Photosharing is key to facebook's success. That's why he bought instagram.
Nothing more nothing less.

Monetary Value = how much someone is willing to pay. Facebook was willing to
pay $1B, so yes, instagram is worth $1B. Instagram may never produce any
significant revenue, it's value is that it's a strategic asset to facebook.
Just like the patent purchases they recently made.

I think Instagram got pretty lucky with the timing(since we are in a bubble)
and the purchaser. Facebook's mobile app is not very good. Facebook should of
been more aware of it's competitors and acquired them earlier on. And facebook
should of negotiated better.

That said if they put the instagram guys to work improving the facebook app it
may well end being worth 1B$ in actual revenue. (Though this was clearly
primarily strategic, not talent acquisition).

Instagram seems like a company designed for acquisition, on it's own it
probably could never monetize very well. But it has undeniable strategic value
for a company trying to expand or maintain their social and mobile presence.

------
saddino
Spot on.

I think Color's pitch was to stealthily suck value out of Facebook by
attacking what it perceived (and Instagram proved out) as its greatest
weakness: a healthy amount of user engagement on FB is around photos. If one
could create the "perfect" photo sharing mobile network, FB users would start
sharing photos outside of FB. As soon as a critical mass of users and photos
was achieved, FB would recognize the attack and defeat it via acquisition.

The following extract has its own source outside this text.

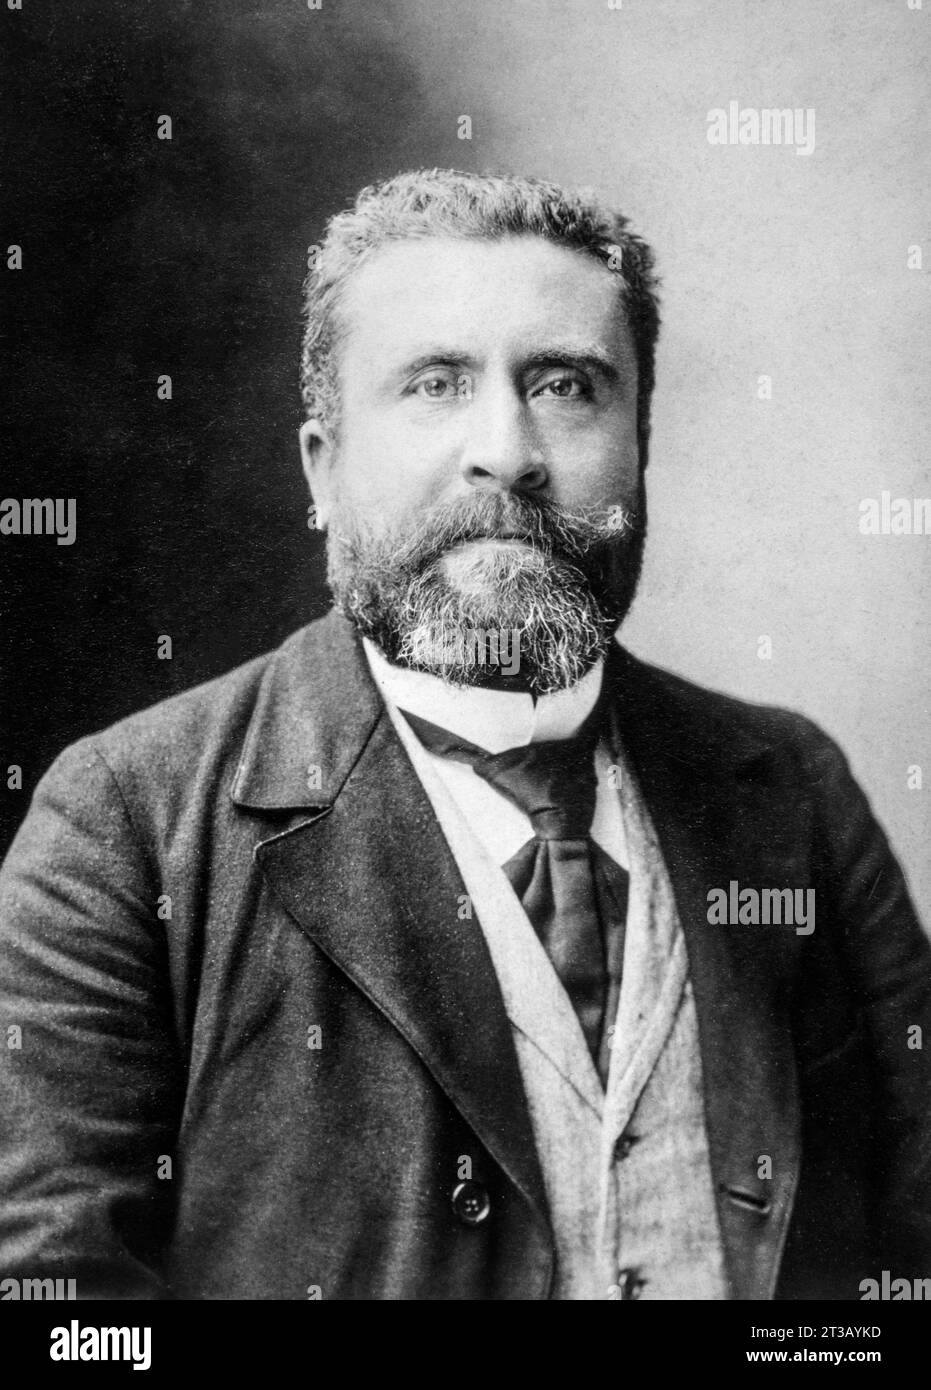 Fotografie, Porträt von Jean Jaures (1859 - 1914) Direktor der Zeitung L'Humanité Stockfoto
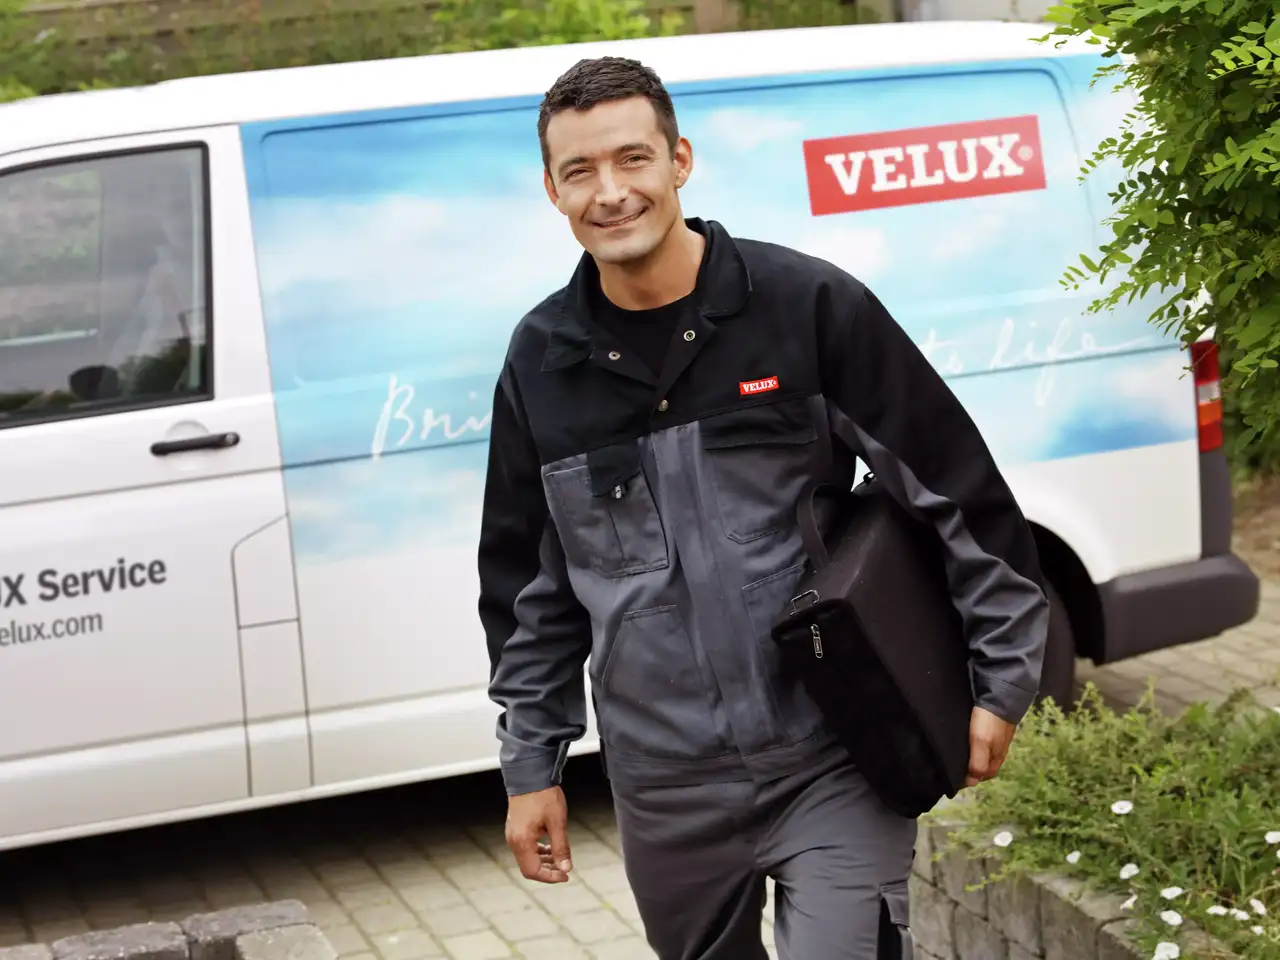 VELUX-Servicetechniker nähert sich einem markierten Firmenfahrzeug für Dachflächenfenster-Dienstleistungen.

IMO the main difference is that Color (and their investors) had a well-defined
strategy, but it was Instagram that had the perfect app.

------
Jabbles
I think an analogy to "The Selfish Gene" is appropriate here. The emphasis is
on "gene" as the basic unit of natural selection.

Here we see (as we have always known) that the basic unit of investment
success is not the team, the idea, or the company; but the portfolio. It
doesn't matter that Sequoia squandered $41 million on one company if they made
hundreds of millions on Instagram. Startups are high-risk, high-reward
ventures, and they have always known that.

As to whether the huge capital and press actually hindered Color, I'm not
convinced, but it seems plausible.

------
joeblau
When I watched the interview with Kevin Systrom by Kevin Rose, Systrom's
"Grand Vision" definitely reminded me of the goal of Color.

Here is a link:
[http://www.youtube.com/watch?feature=player_detailpage&v...](http://www.youtube.com/watch?feature=player_detailpage&v=IPigMKugJhY#t=2094s)

------
knes
Have you guys had a look at Colors latest android app, Exclusive to Verizon? I
think their $41 millions funding and this app describe quite well what the
Founders of Colors are: True Hustlers that can sell anything to anyone and are
just focus on money, not on creating a useful product/service to the users.

------
sharan
It isn't that they raised $41 million, that was the issue. It was the fact
that they raised that amount without any real metrics to back the team or the
product.

Someone gave me this analogy that I thought was quite well put. Michael Jordan
kicked ass at basketball, but it would have been a foolish manager who gave
him a $41 million contract when he decided to try baseball.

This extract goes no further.